The parties do not dispute that plaintiff's federal claims accrued on August 27, 2011, when defendants allegedly aired the protected programming. Docket No. 5 at 11; Docket No. 8 at 7. Plaintiff filed this case on August 16, 2013. Docket No. 1-1 at 3. As plaintiff filed this case more than one year after its federal claims accrued, its federal claims are time barred.
B. State Law Claim
Plaintiff asserts a supplemental state law claim for conversion. Plaintiff argues that it would be unfair to decline supplemental jurisdiction over its conversion claim because plaintiff originally brought this case in state court and defendants removed it. Docket No. 8 at 12.

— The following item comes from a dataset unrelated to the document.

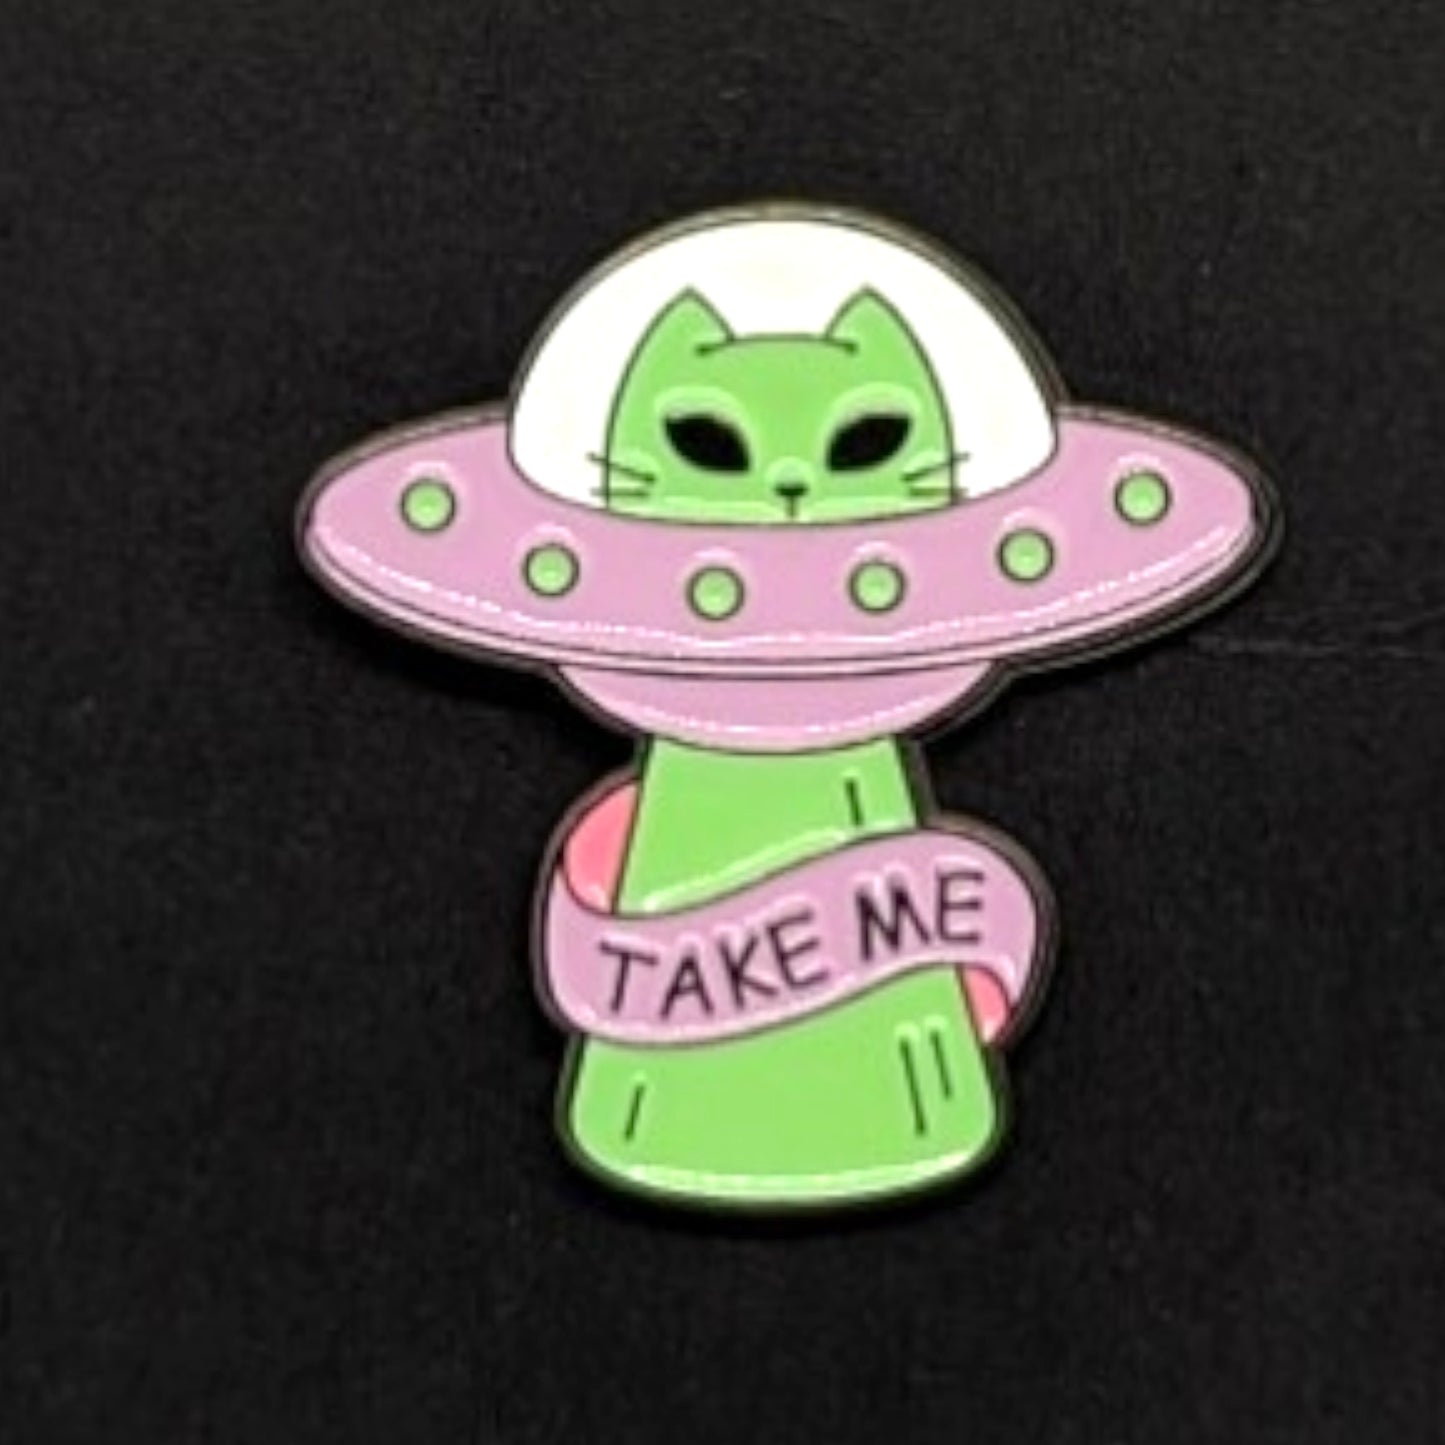 Take me cat alien enamel pin #58
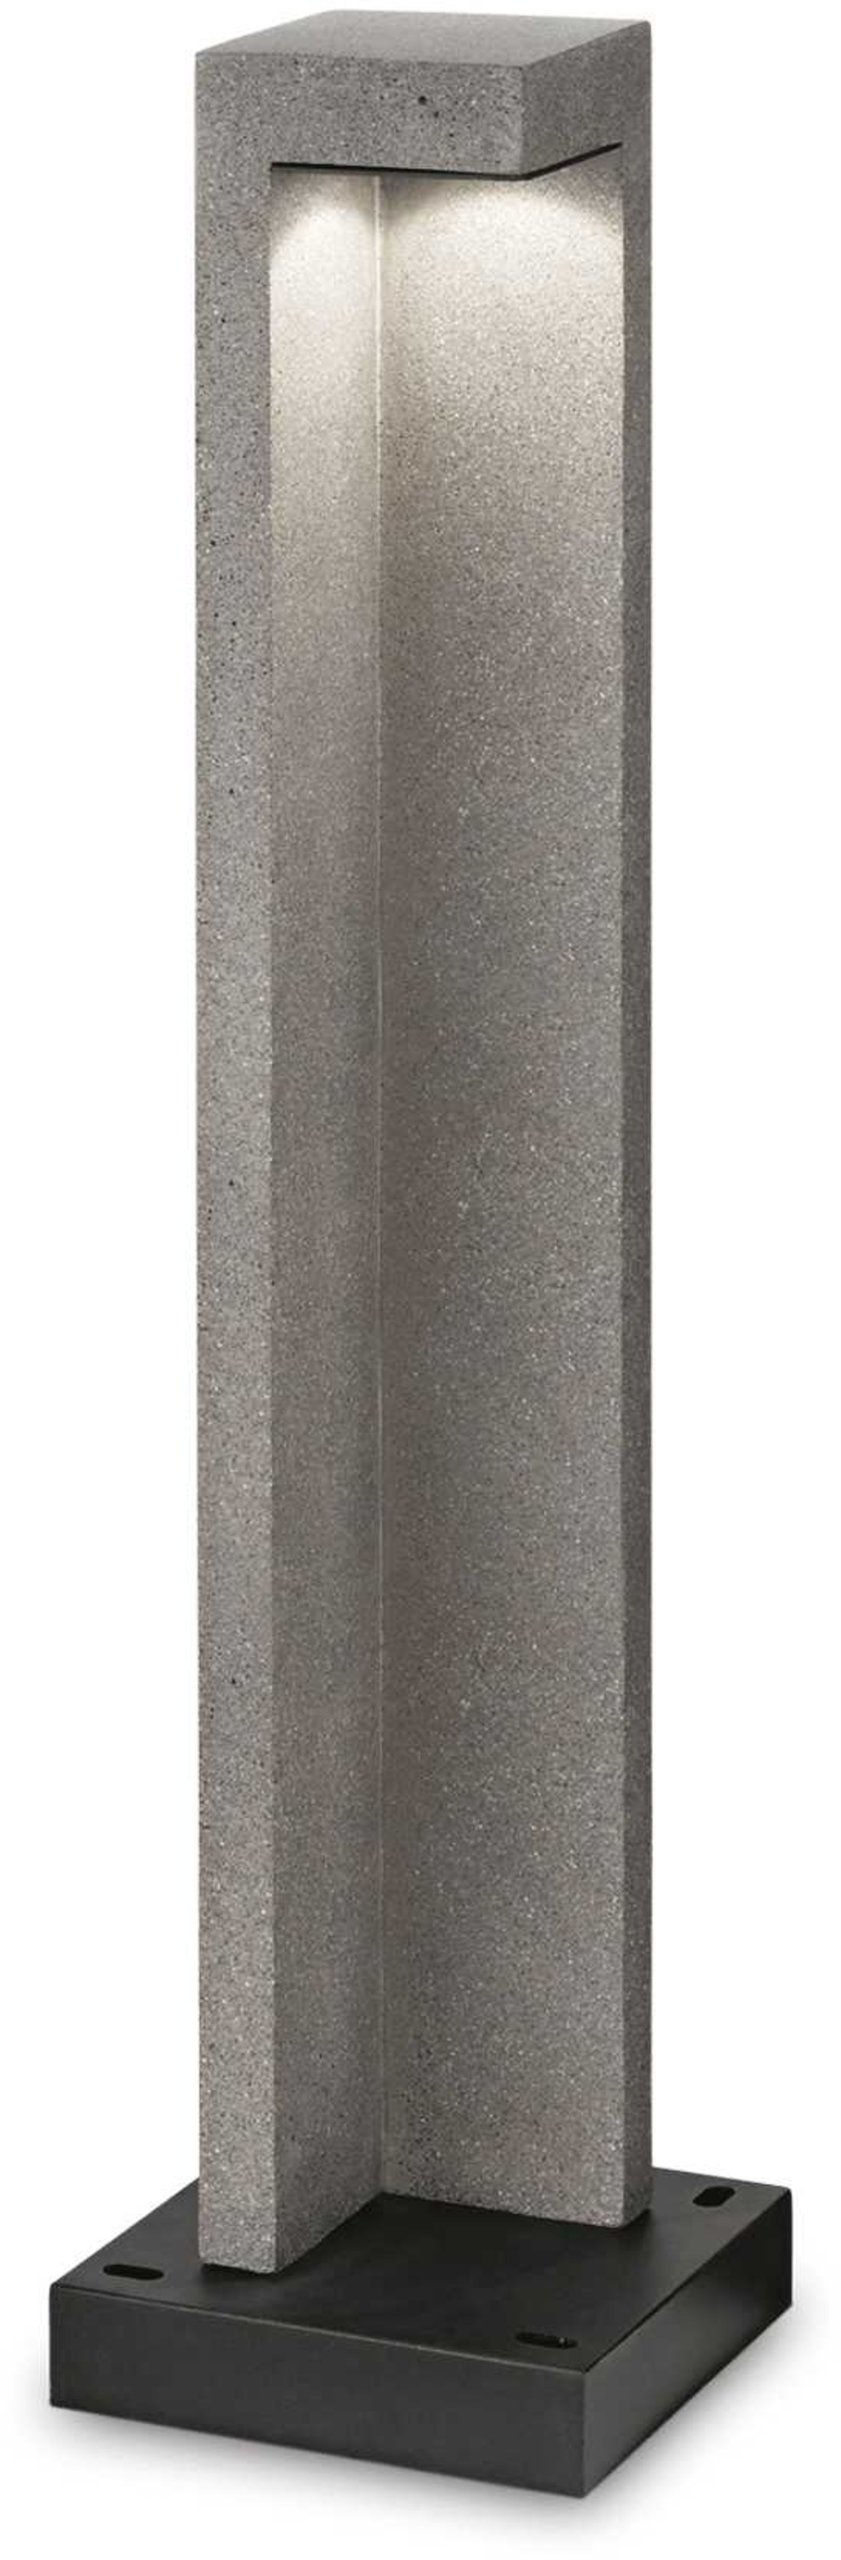 Billede af Titano, Udendørs gulvlampe, Pt, metal by Ideal Lux (H: 74 cm. x B: 18 cm. x L: 18 cm., Granit/Sort/3000 kelvin)

In the Tenth Circuit, when "the district court has dismissed all claims over which it has original jurisdiction, " 28 U.S.C. § 1367(c)(3), courts must dismiss pendent state law claims without prejudice "absent compelling reasons to the contrary.'" Brooks v. Gaenzle, 614 F.3d 1213, 1230 (10th Cir. 2010) (quoting Ball v. Renner, 54 F.3d 664, 669 (10th Cir. 1995) (reversing the district court's grant of summary judgment on state law claims)). "Compelling reasons to the contrary" may include considerations of judicial economy, convenience, fairness, and comity. Carnegie-Mellon University v. Cohill, 484 U.S. 343, 350 (1988).
In this case, remanding plaintiff's state law claim will not result in a waste of judicial resources because the case has not progressed beyond its early stages. Apart from entering a scheduling order, Docket No. 20, the Court has not issued any orders and has not addressed the substantive merit of plaintiff's state law claim. Convenience to the parties does not appear to be at issue given that plaintiff initially filed its claims in state court. Moreover, plaintiff's conversion claim raises a novel issue of state law. See Docket No. 8 at 8 ("The issue of whether a piracy claim may be the subject of a conversion claim has not yet been adjudicated in Colorado."). Given the existence of a novel legal issue and plaintiff's original choice of a state forum, there is no support for plaintiff's assertion that remand would be unfair. Since there are no compelling reasons for this Court to retain jurisdiction over plaintiff's state law claim, that claim will be remanded.
In light of the foregoing, it is
ORDERED that the motion to dismiss [Docket No. 5] filed by defendants C.J.'s Sports Bar, LLP, Larry Deane Cowden, and Dorothy Gail Cowden is GRANTED in part. Count I and Count II of the complaint [Docket No. 3] are dismissed with prejudice. Count III survives. It is further
ORDERED that this matter is remanded to the District Court for the County of El Paso, Colorado, where it was filed as Case No. 13-cv-30964.